Quote the lines below exactly, from the one that holds "Floral Still Life" through the final line of the records, and only those.

[Recorded data]
• • •
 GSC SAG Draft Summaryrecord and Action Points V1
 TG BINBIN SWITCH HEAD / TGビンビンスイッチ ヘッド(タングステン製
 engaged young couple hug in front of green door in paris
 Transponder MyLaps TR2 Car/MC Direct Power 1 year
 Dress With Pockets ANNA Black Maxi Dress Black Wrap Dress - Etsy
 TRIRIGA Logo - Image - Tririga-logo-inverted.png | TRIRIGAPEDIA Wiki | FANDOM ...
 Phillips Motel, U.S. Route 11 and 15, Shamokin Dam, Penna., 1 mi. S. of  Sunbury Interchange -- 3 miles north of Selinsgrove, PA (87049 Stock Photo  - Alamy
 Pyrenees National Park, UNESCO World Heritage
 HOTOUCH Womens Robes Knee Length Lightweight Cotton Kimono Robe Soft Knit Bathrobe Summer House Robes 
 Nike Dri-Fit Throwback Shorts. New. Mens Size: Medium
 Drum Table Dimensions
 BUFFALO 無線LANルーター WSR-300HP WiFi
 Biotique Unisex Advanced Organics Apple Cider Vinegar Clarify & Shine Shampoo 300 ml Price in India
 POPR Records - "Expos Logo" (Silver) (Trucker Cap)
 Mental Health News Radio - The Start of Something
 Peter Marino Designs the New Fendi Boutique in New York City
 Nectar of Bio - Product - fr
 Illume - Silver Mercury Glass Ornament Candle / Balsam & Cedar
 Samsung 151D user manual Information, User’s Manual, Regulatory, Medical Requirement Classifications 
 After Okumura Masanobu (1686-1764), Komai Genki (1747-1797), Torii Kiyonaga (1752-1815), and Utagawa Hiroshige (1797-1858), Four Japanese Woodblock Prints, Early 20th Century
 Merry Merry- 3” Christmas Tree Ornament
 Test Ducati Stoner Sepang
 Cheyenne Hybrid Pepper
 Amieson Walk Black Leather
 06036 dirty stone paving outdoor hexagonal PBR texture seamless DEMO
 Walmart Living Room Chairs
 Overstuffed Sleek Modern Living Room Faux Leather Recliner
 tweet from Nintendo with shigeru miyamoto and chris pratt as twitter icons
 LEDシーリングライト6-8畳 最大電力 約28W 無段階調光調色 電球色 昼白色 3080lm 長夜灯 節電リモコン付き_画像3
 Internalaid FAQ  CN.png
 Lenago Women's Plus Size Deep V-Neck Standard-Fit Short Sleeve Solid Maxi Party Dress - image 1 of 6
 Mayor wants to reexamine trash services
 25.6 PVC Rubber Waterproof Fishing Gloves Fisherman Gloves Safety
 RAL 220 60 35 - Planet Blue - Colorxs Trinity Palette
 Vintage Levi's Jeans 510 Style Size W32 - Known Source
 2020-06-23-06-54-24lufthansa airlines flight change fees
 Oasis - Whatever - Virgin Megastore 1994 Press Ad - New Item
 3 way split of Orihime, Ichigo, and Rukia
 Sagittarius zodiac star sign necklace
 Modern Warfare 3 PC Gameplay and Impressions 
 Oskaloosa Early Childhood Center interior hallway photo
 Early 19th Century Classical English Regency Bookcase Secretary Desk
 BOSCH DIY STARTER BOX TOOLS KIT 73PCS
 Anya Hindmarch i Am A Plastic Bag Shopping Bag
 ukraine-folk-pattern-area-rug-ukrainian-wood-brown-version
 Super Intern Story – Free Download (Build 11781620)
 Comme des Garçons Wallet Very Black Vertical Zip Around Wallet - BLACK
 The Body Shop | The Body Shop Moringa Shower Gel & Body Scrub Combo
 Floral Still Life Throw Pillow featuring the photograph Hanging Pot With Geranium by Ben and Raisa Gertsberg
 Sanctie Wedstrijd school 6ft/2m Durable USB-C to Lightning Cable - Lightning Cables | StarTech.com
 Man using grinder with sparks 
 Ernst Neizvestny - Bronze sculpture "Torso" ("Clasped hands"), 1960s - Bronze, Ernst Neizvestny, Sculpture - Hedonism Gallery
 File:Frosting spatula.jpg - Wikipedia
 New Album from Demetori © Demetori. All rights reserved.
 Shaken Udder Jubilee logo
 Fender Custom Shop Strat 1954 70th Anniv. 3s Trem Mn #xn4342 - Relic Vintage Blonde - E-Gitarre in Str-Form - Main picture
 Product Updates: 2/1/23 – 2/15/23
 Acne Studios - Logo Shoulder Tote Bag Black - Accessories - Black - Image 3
• • •
§ Task result
 Floral Still Life Throw Pillow featuring the photograph Hanging Pot With Geranium by Ben and Raisa Gertsberg
 Sanctie Wedstrijd school 6ft/2m Durable USB-C to Lightning Cable - Lightning Cables | StarTech.com
 Man using grinder with sparks 
 Ernst Neizvestny - Bronze sculpture "Torso" ("Clasped hands"), 1960s - Bronze, Ernst Neizvestny, Sculpture - Hedonism Gallery
 File:Frosting spatula.jpg - Wikipedia
 New Album from Demetori © Demetori. All rights reserved.
 Shaken Udder Jubilee logo
 Fender Custom Shop Strat 1954 70th Anniv. 3s Trem Mn #xn4342 - Relic Vintage Blonde - E-Gitarre in Str-Form - Main picture
 Product Updates: 2/1/23 – 2/15/23
 Acne Studios - Logo Shoulder Tote Bag Black - Accessories - Black - Image 3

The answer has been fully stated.